Supplied information

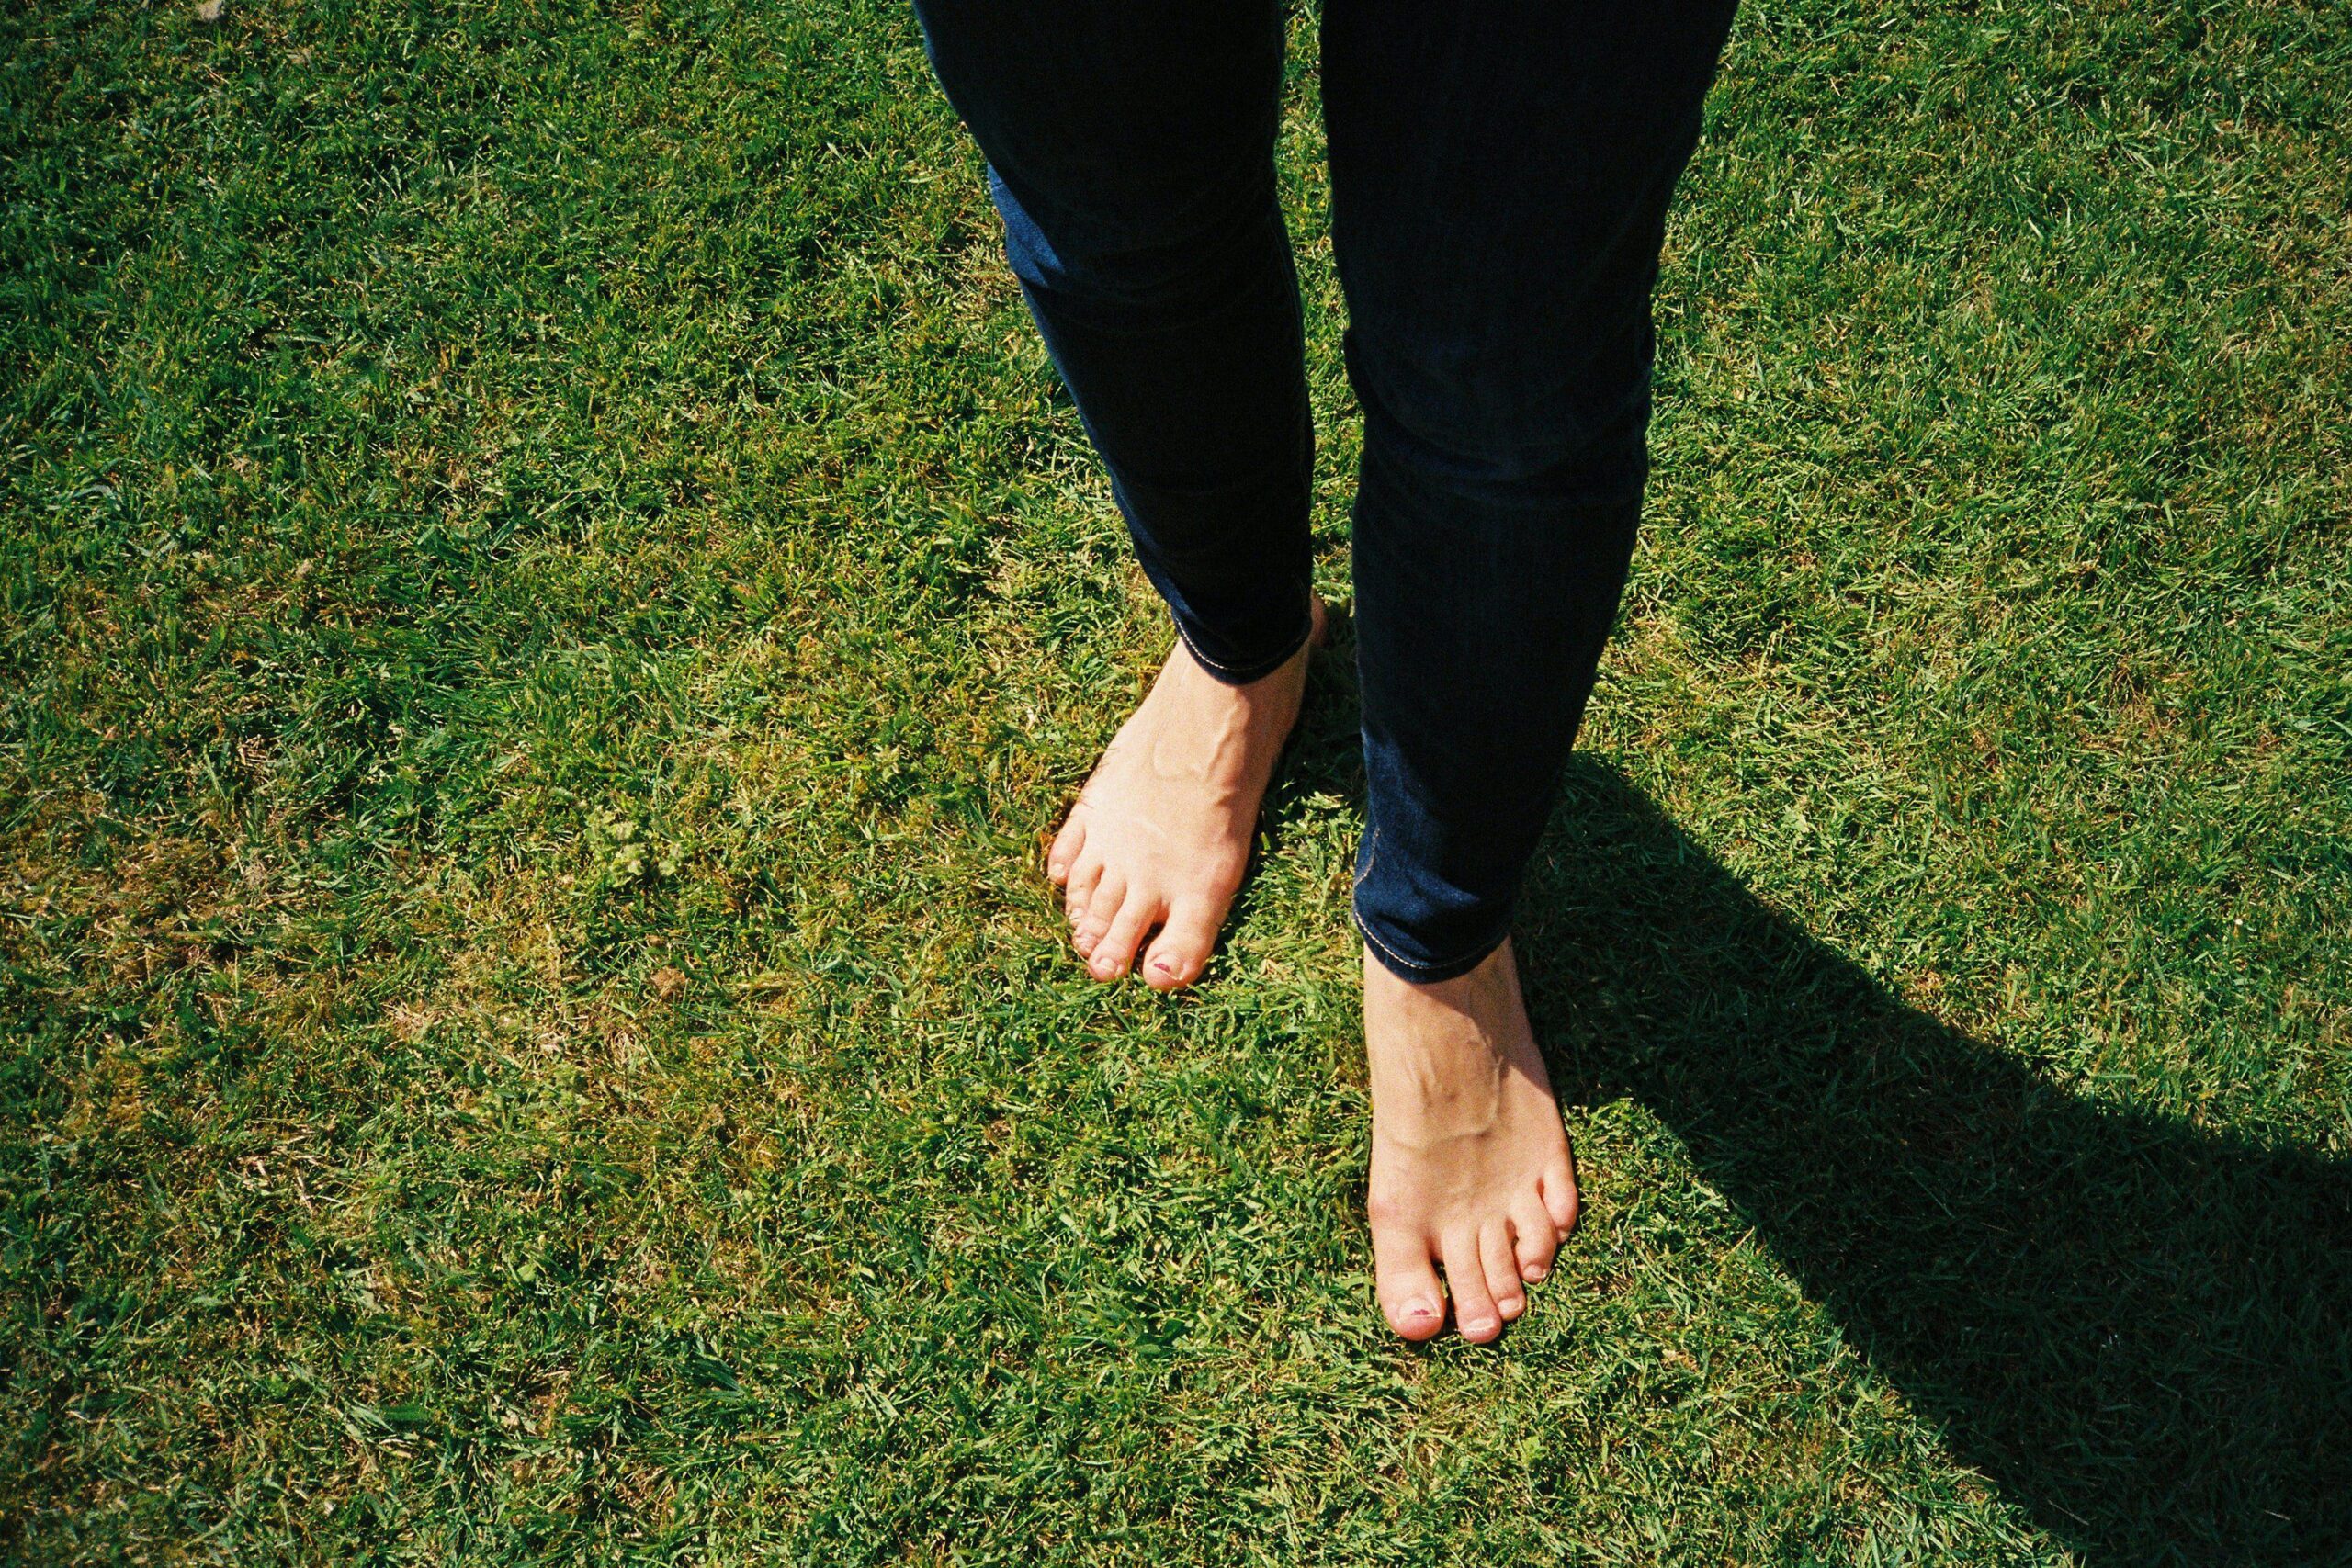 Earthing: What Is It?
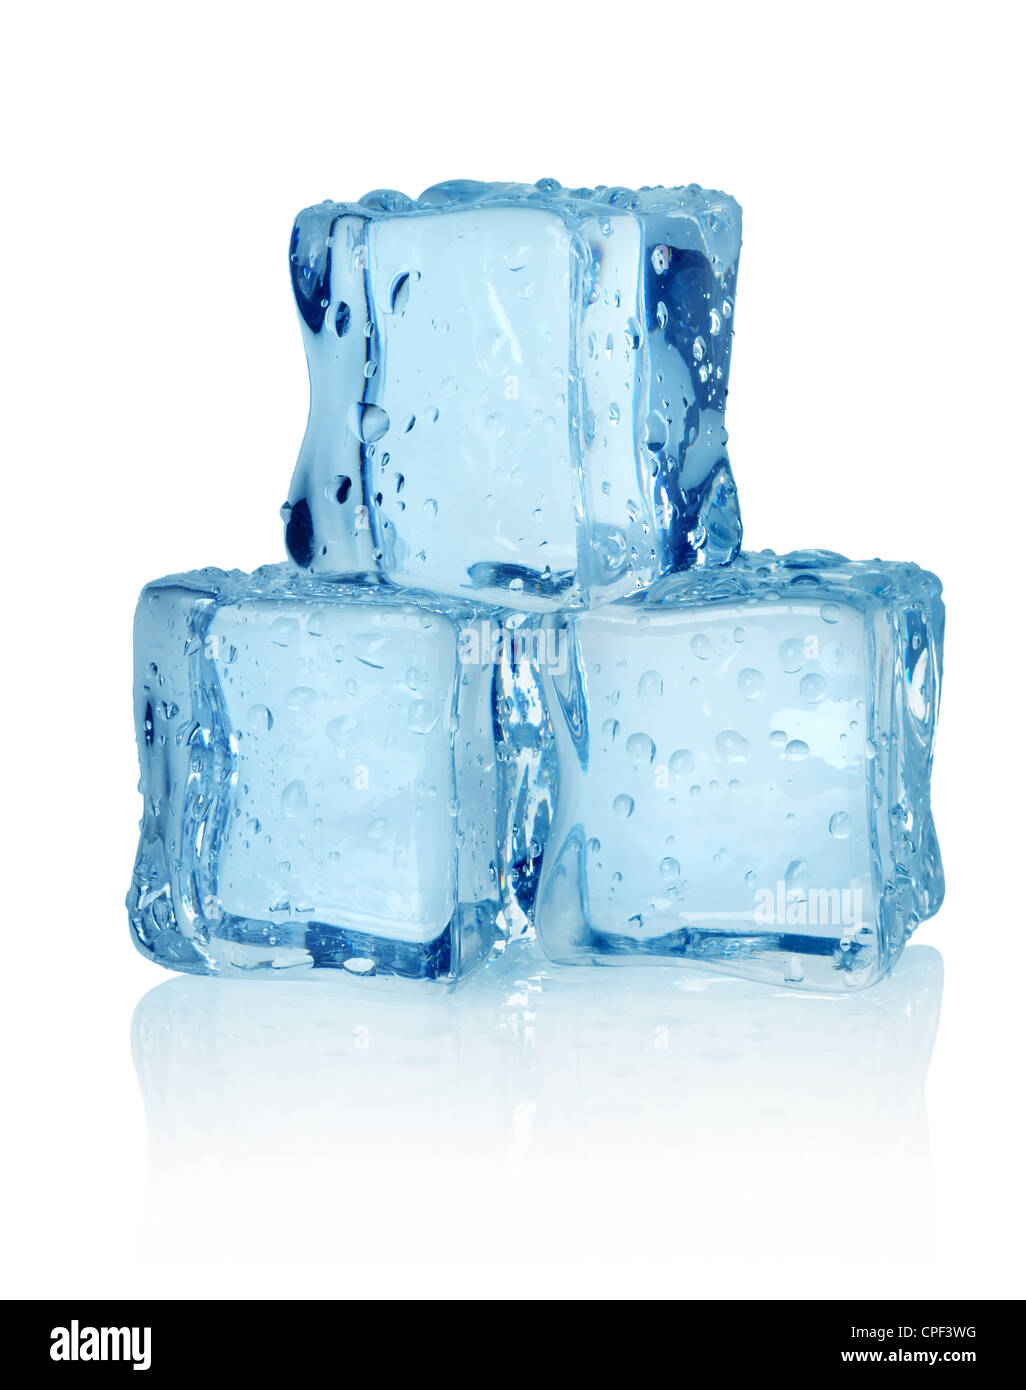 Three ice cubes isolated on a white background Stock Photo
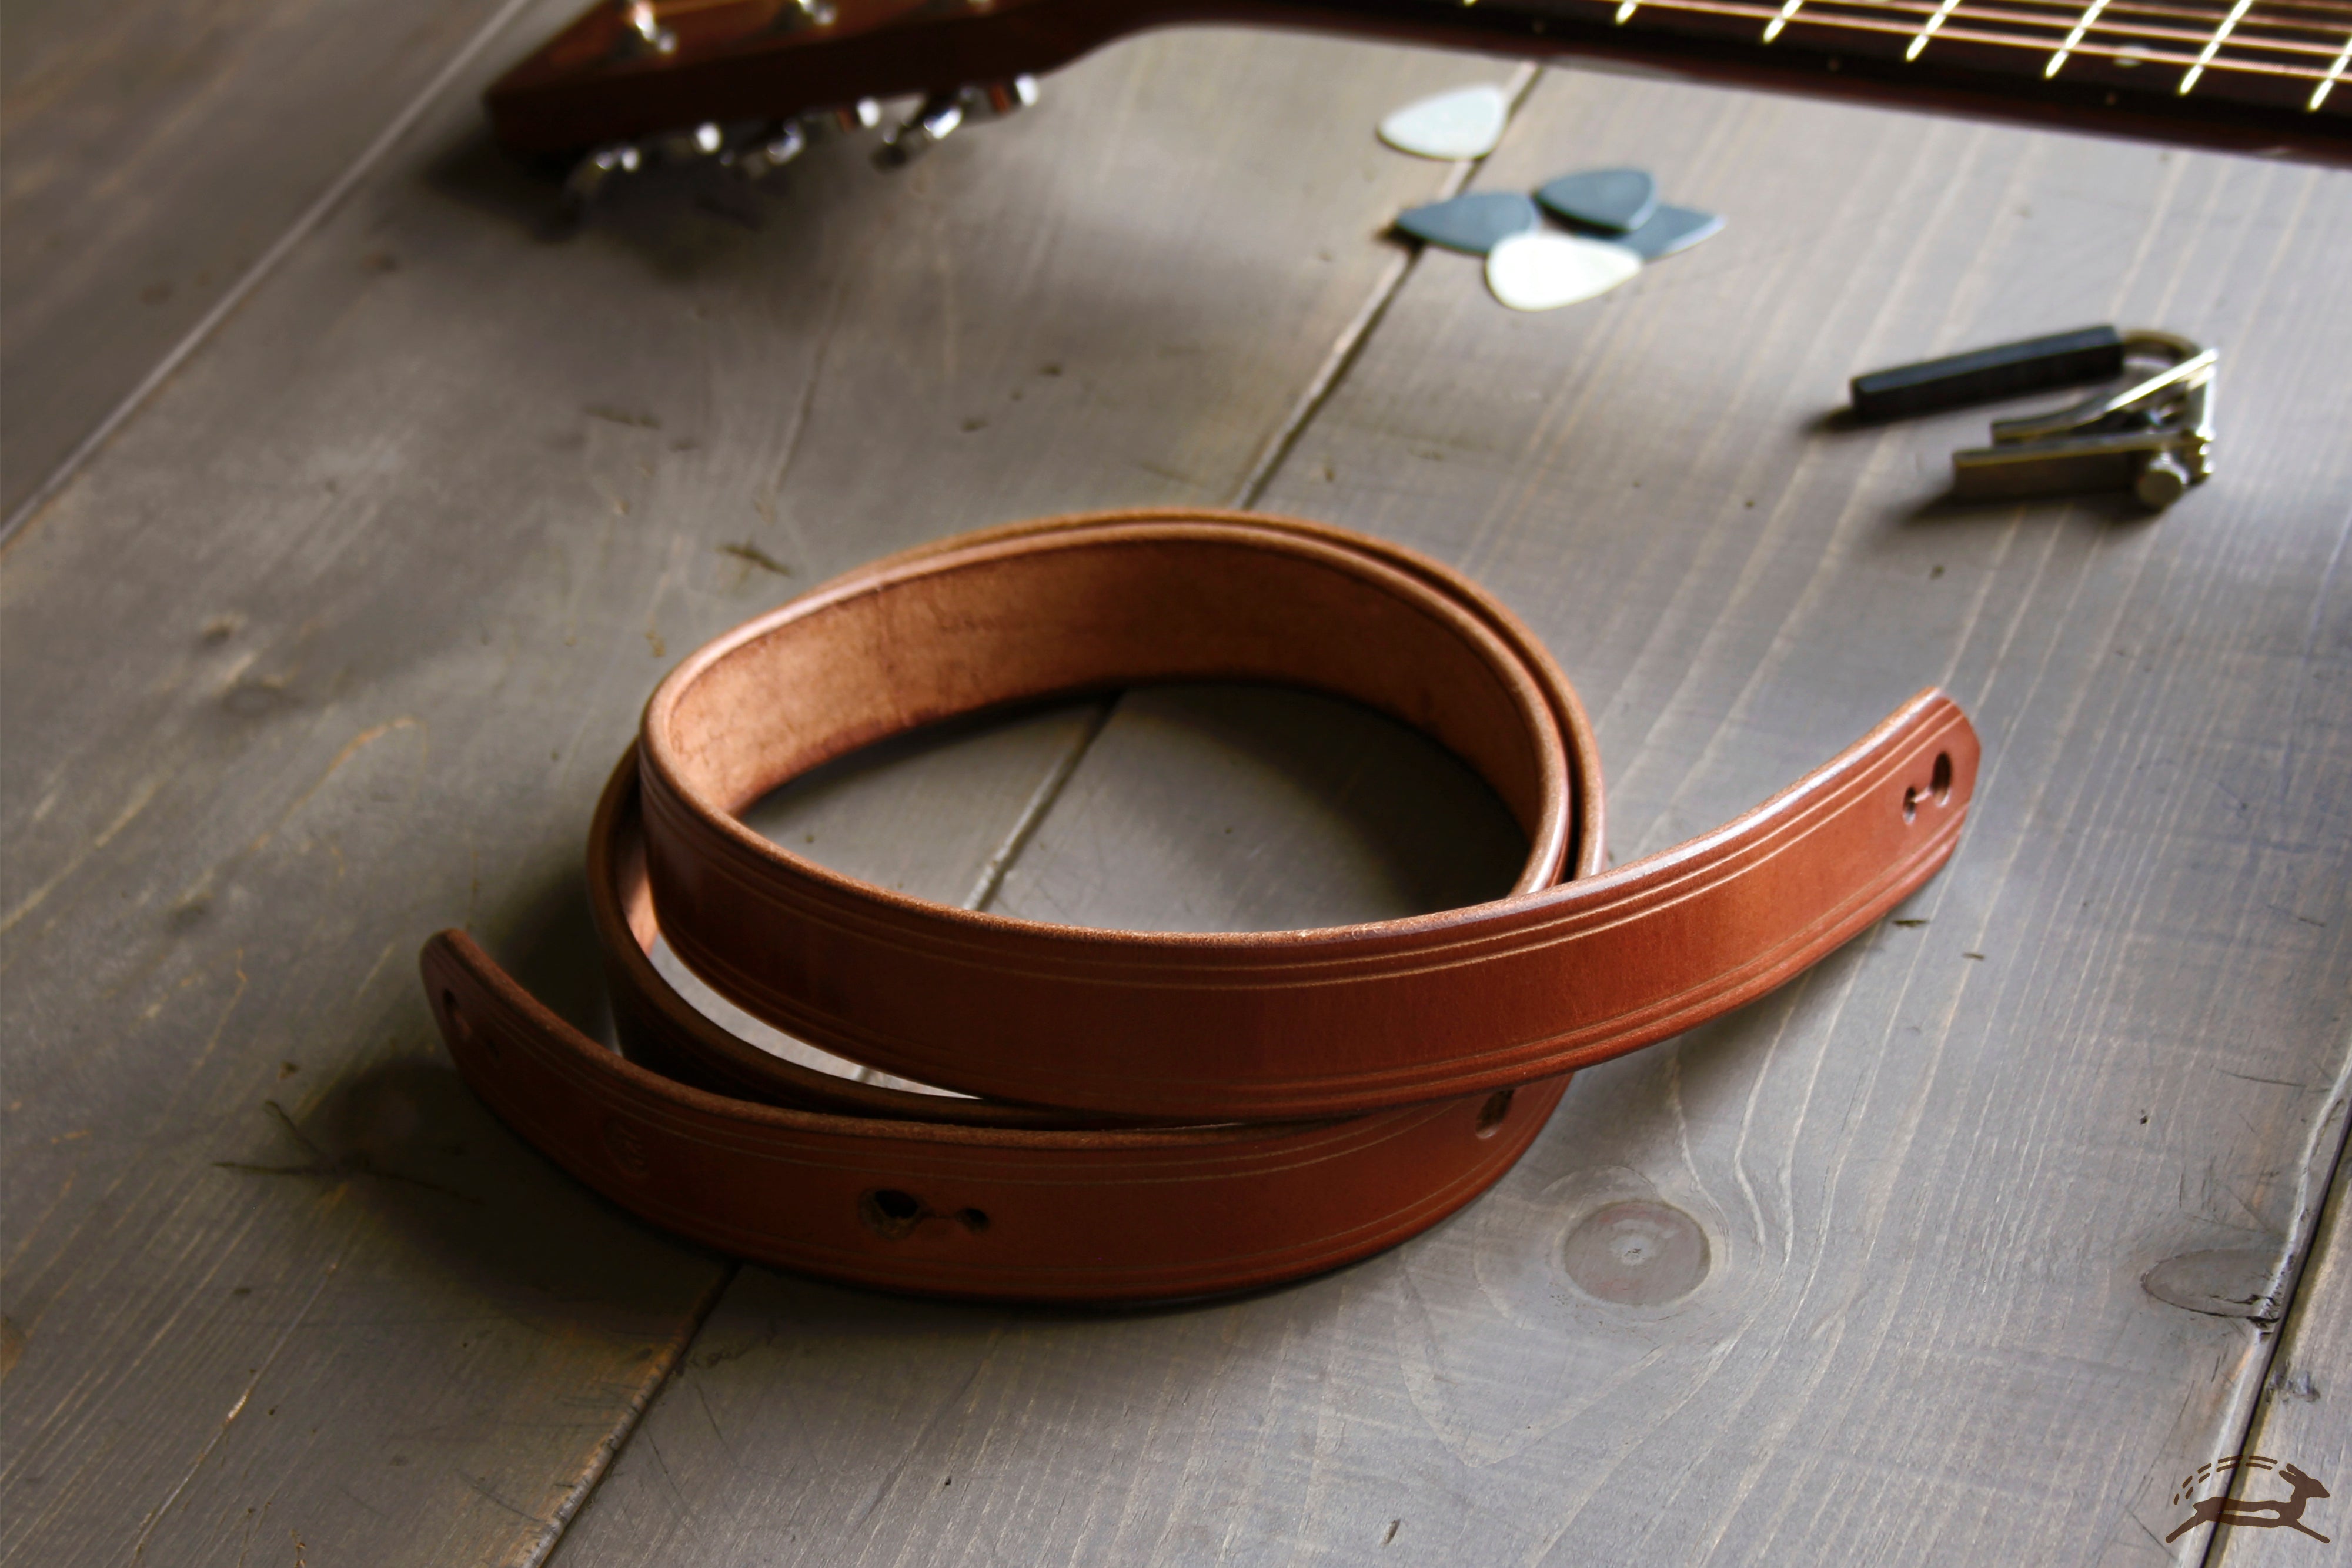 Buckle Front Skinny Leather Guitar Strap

Exercise
Omit every picture, then reproduce the rest of the listing exactly.

Task result
 Earthing: What Is It?
 Three ice cubes isolated on a white background Stock Photo
 Buckle Front Skinny Leather Guitar Strap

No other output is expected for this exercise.